◆ RECORDS SHOWN ◆

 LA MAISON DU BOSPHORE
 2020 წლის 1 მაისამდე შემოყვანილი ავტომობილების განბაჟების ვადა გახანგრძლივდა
* * *
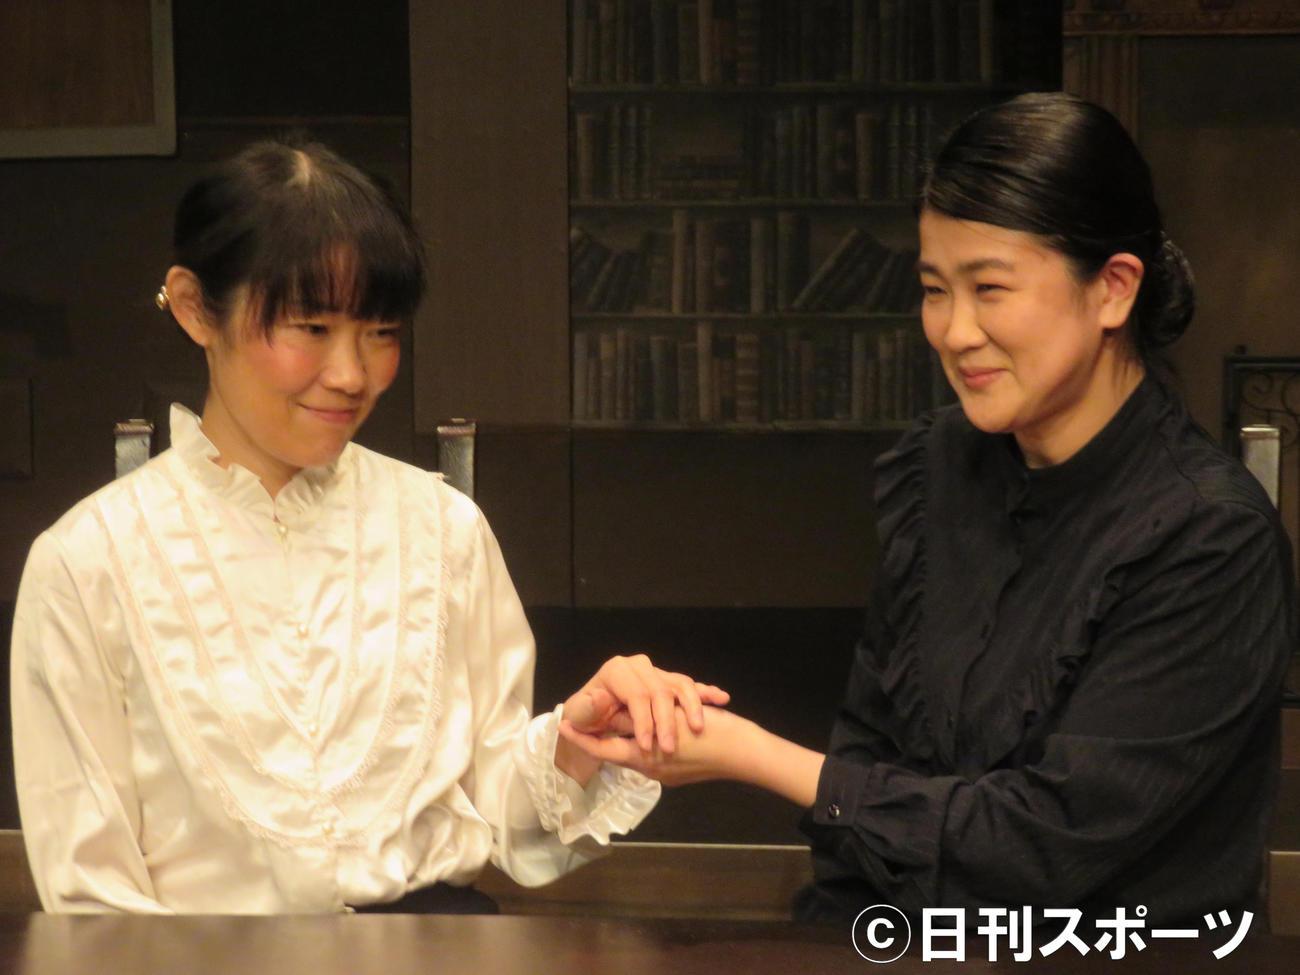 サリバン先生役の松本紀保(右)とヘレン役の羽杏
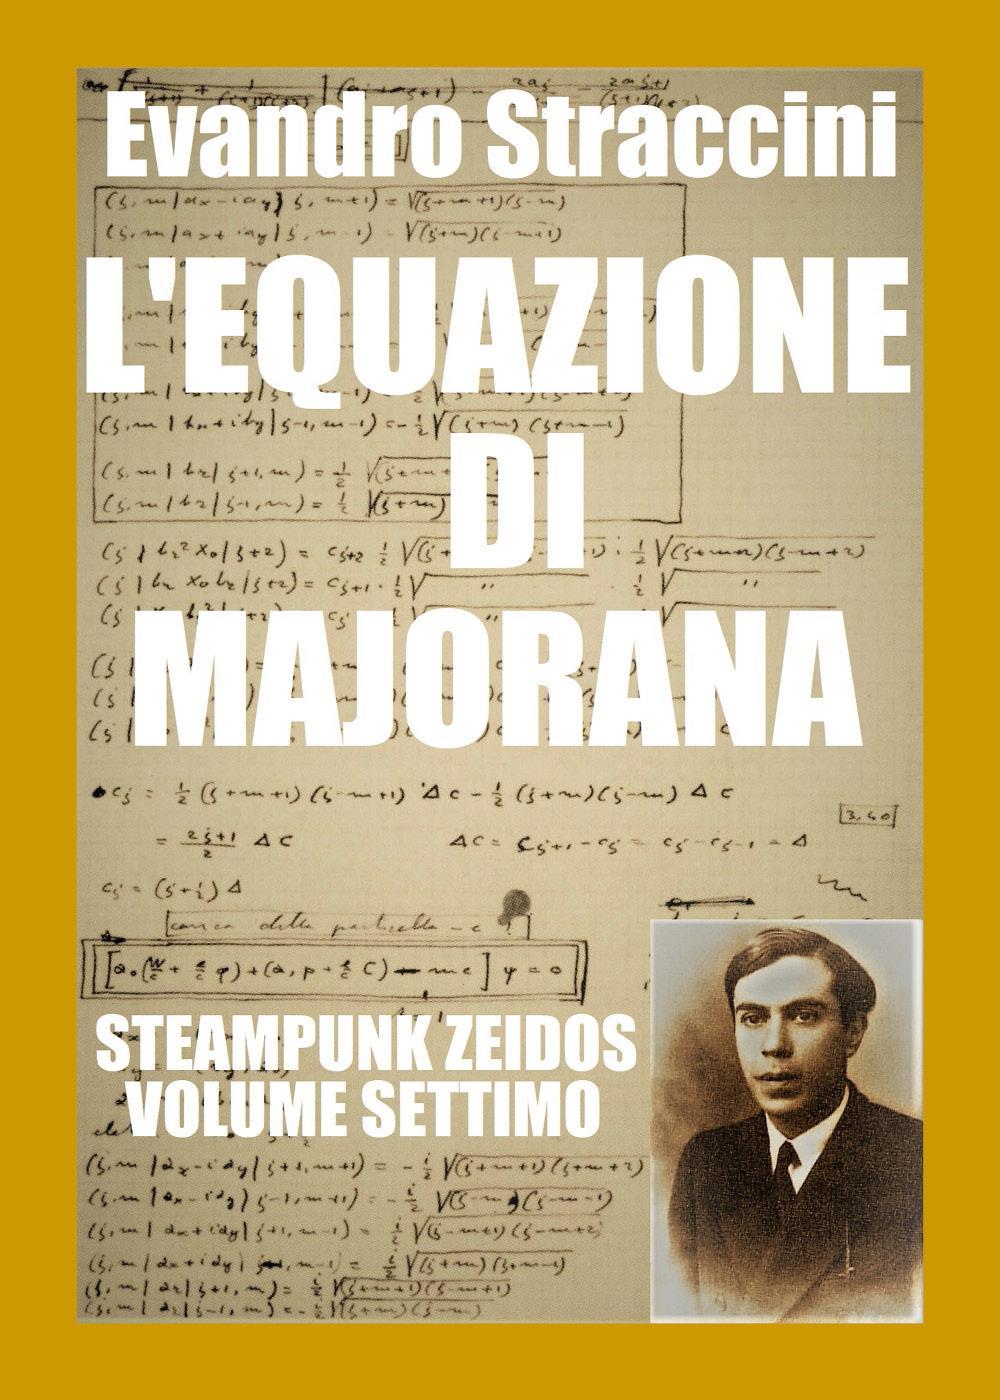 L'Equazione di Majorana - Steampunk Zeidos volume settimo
...
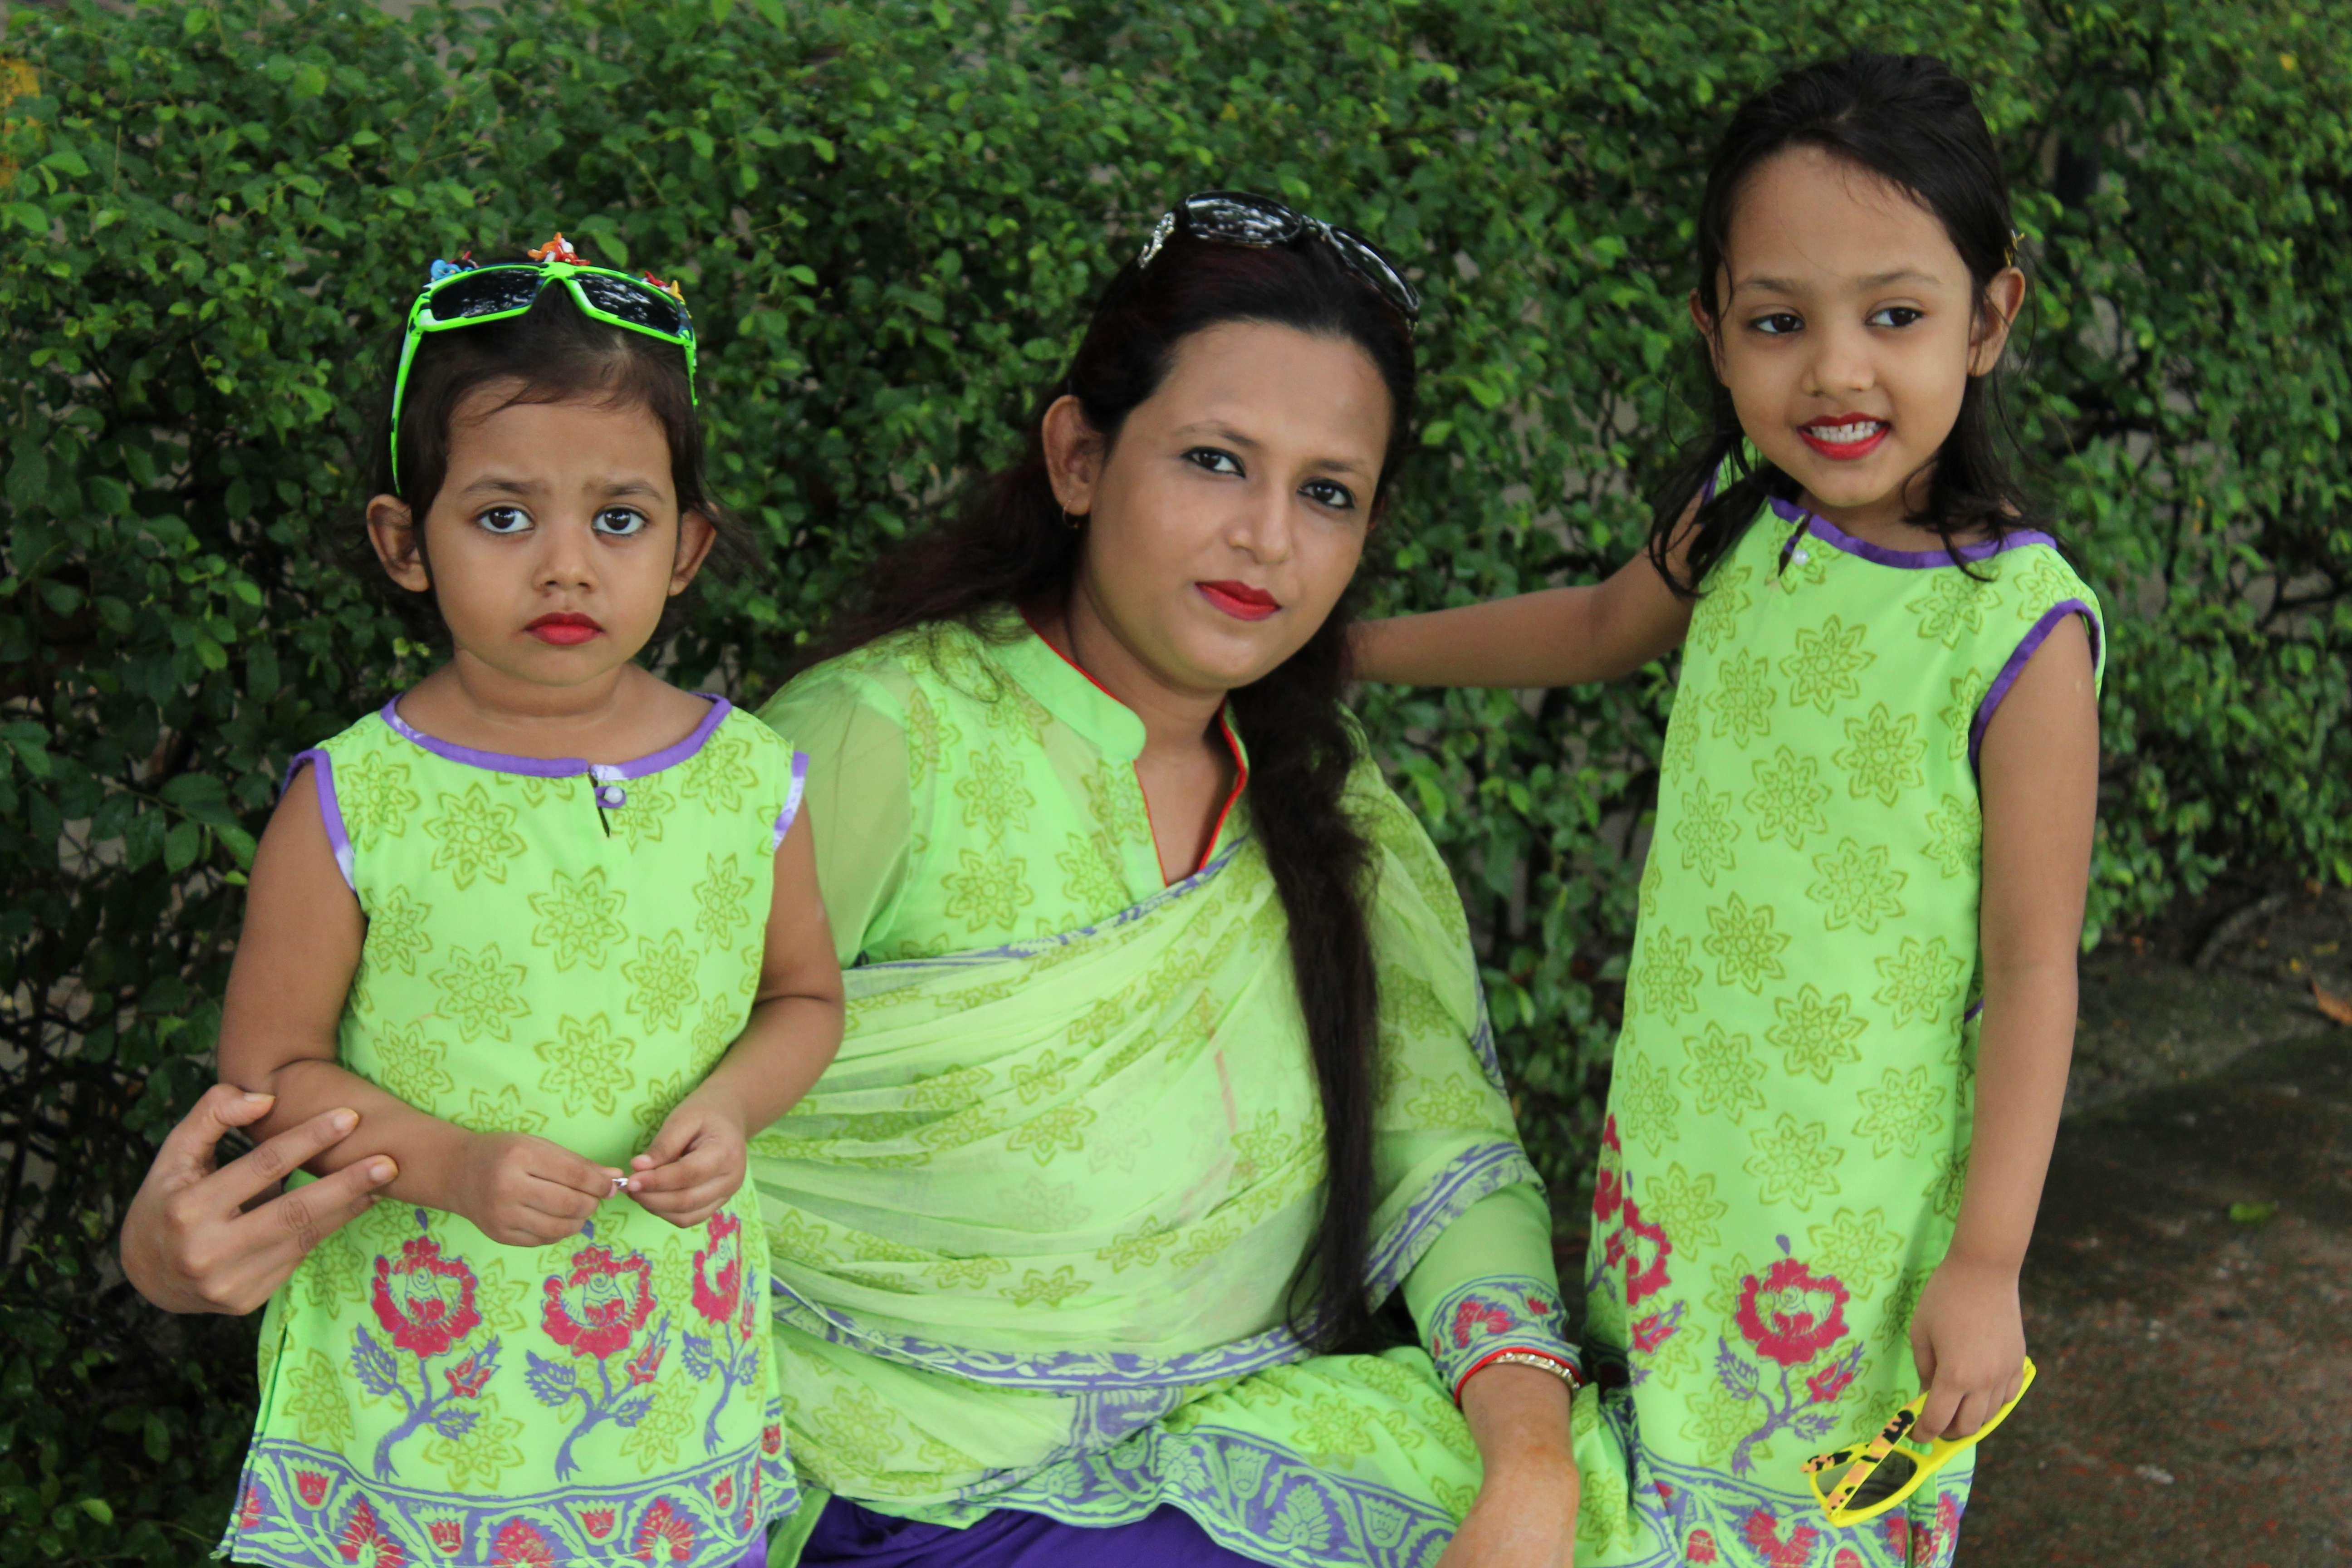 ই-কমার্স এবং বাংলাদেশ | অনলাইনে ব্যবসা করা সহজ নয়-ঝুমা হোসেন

◆ PROBLEM TO SOLVE ◆
Would you output the lines above from the line holding "サリバン先生役の松本紀保(右)とヘレン役の羽杏" up to and including the line holding "L'Equazione di Majorana", exactly and only those, with no pictures?

◆ EXERCISE RESPONSE ◆
 サリバン先生役の松本紀保(右)とヘレン役の羽杏
 L'Equazione di Majorana - Steampunk Zeidos volume settimo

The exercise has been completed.